Saison 1981-1982
Les jeunes Nordiques causent une surprise durant les séries de la coupe Stanley en éliminant les Canadiens de Montréal et les Bruins de Boston.

Après la spectaculaire remontée des Nordiques dans les 30 derniers matches de la saison précédente et leur belle performance en séries contre les Flyers, les amateurs de Québec sont confiants alors que s’annonce la troisième saison des Fleurdelisés dans la LNH. D'autant plus que l'organisation québécoise a réussi à mettre le grappin sur deux autres joueurs tchécoslovaques, le jeune Miroslav Frycer et Marian Stastny qui rejoint ses deux frères après s'être échappé de son pays avec sa femme et ses enfants. Malgré les nombreux efforts de Marcel Aubut et de Gilles Léger, c'est toutefois la fin de la «filière tchécoslovaque», car là-bas on se méfie de Québec après ces coups d'éclat.

Dans la division Adams, les Nordiques se retrouvent aux côtés des Canadiens de Montréal, des Bruins de Boston, des Sabres de Buffalo et des Whalers de Hartford, une concentration d’équipes parmi les plus fortes du circuit. Les Nordiques ont du talent à revendre avec le prodigieux trio des frères Stastny et un nouveau duo appelé à faire des ravages, constitué de Dale Hunter et de Michel Goulet.

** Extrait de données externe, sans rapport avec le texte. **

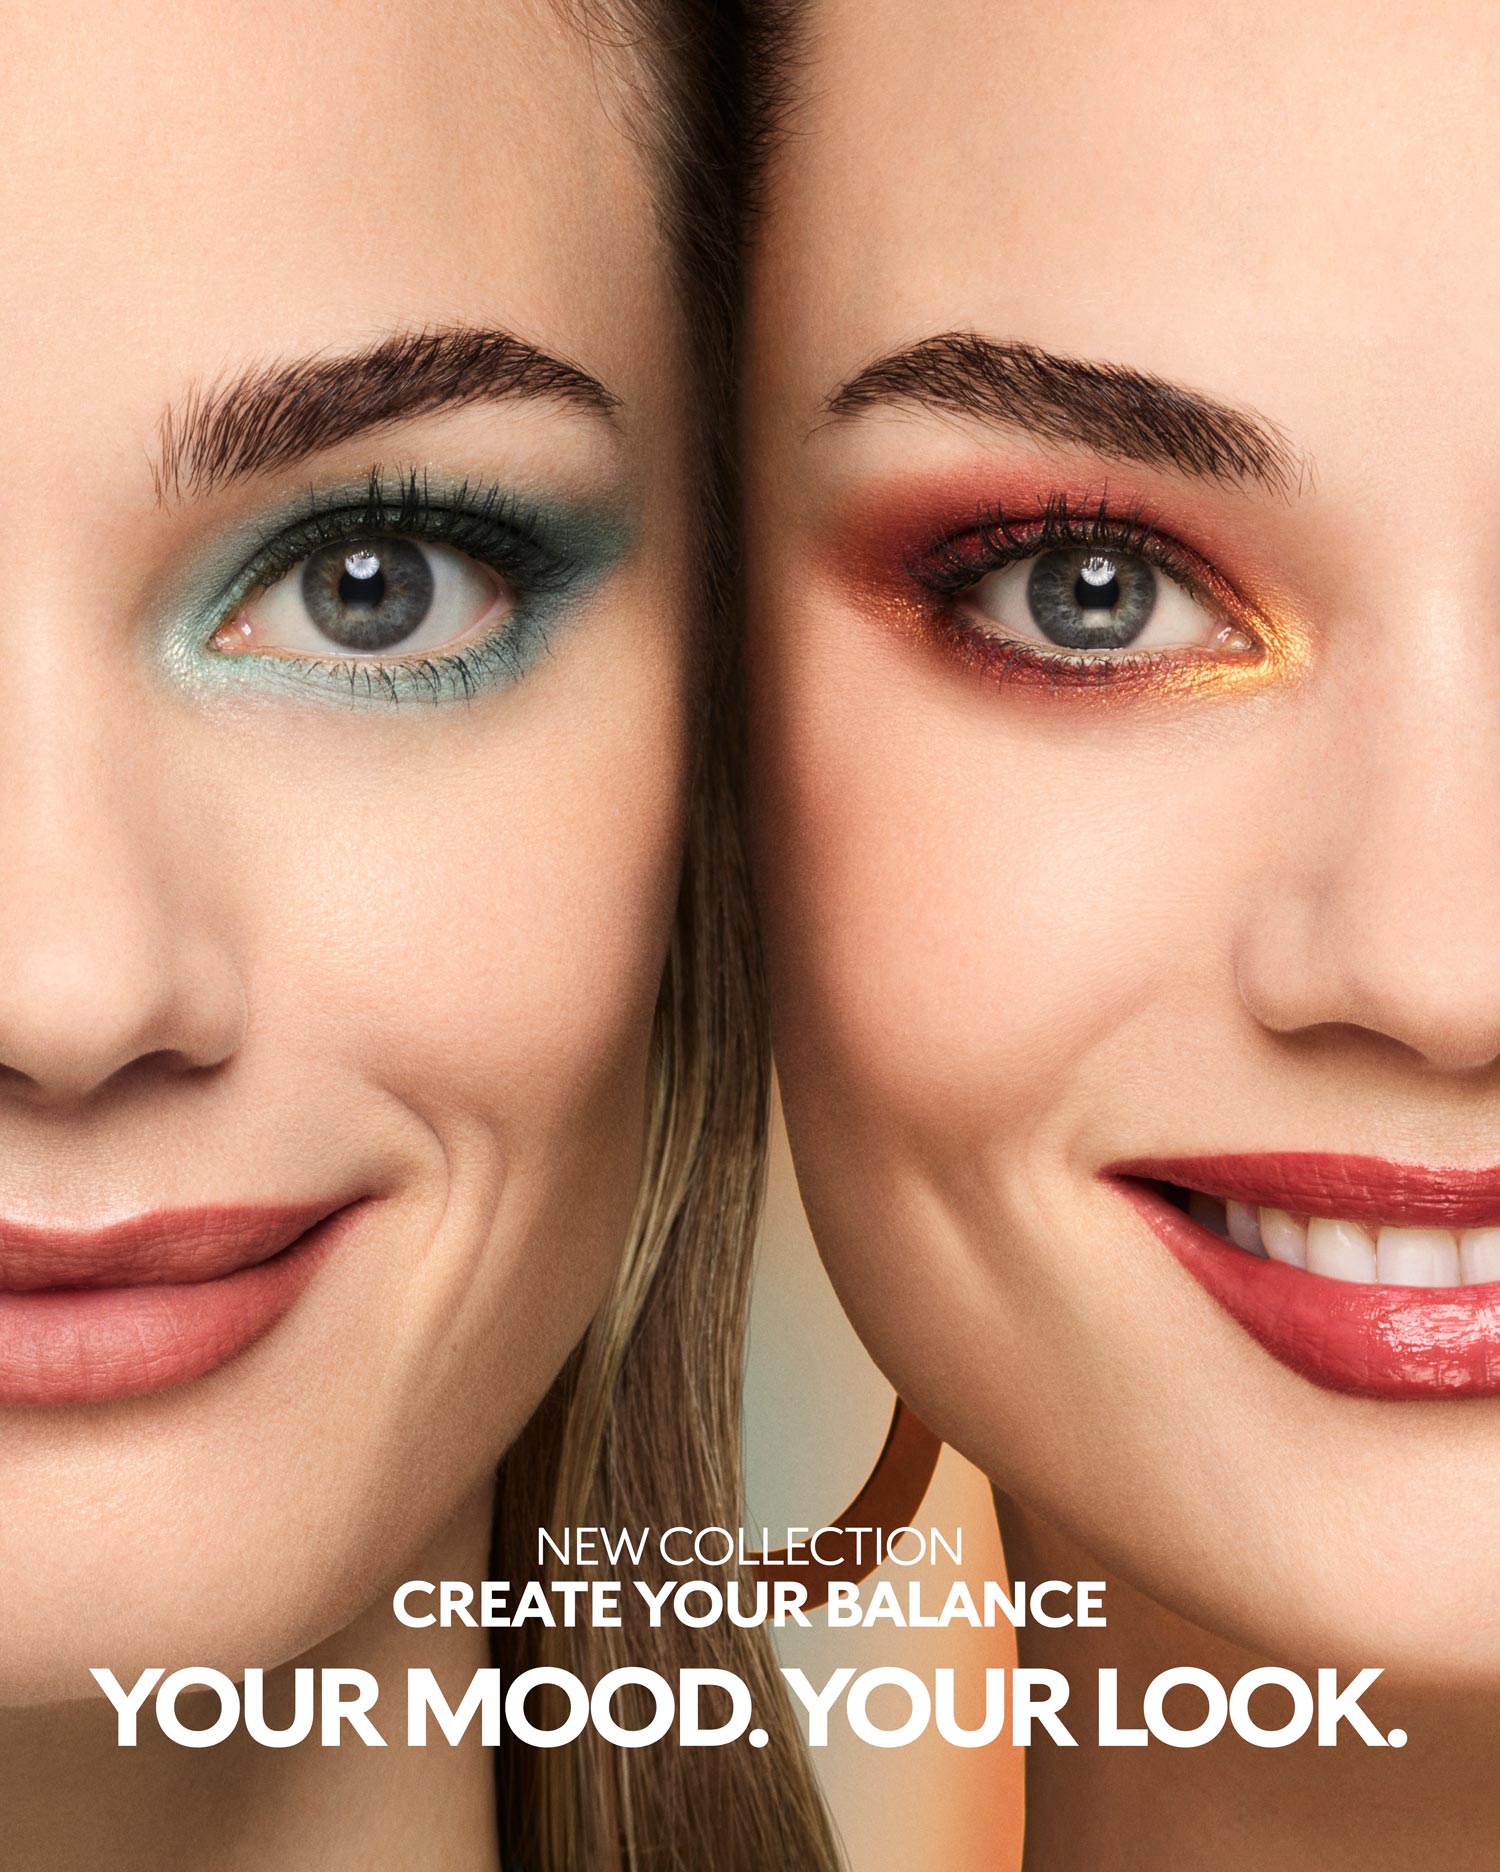 Kiko Milano Create Your Balance make up campaign 2023

À la défense, la jeunesse est de mise avec Mario Marois (24 ans), Pierre Lacroix (23 ans), Normand Rochefort et Dave Pichette (22 ans). Impressionné, le journaliste Stan Fischler prédit aux Nordiques le premier rang de la division Adams, mais ses collègues de la Vieille Capitale penchent plutôt pour le deuxième ou le troisième rang.

Des négociations houleuses entre la direction et les vedettes Daniel Bouchard et Jacques Richard assombrissent un peu le camp d’entraînement. Finalement, les deux joueurs obtiennent beaucoup moins qu'ils ne visaient. Bouchard ayant perdu la forme, c'est le vétéran Michel Plasse qui prend le départ devant le filet des Nordiques. En début de campagne, Marc Tardif se démarque enfin avec 20 buts dans les 28 premières rencontres. À la fin du mois de novembre, les Fleurdelisés occupent le premier rang de leur division, mais ils sont rapidement rejoints par les puissants Canadiens de Montréal qui ont cinq matches de plus à jouer.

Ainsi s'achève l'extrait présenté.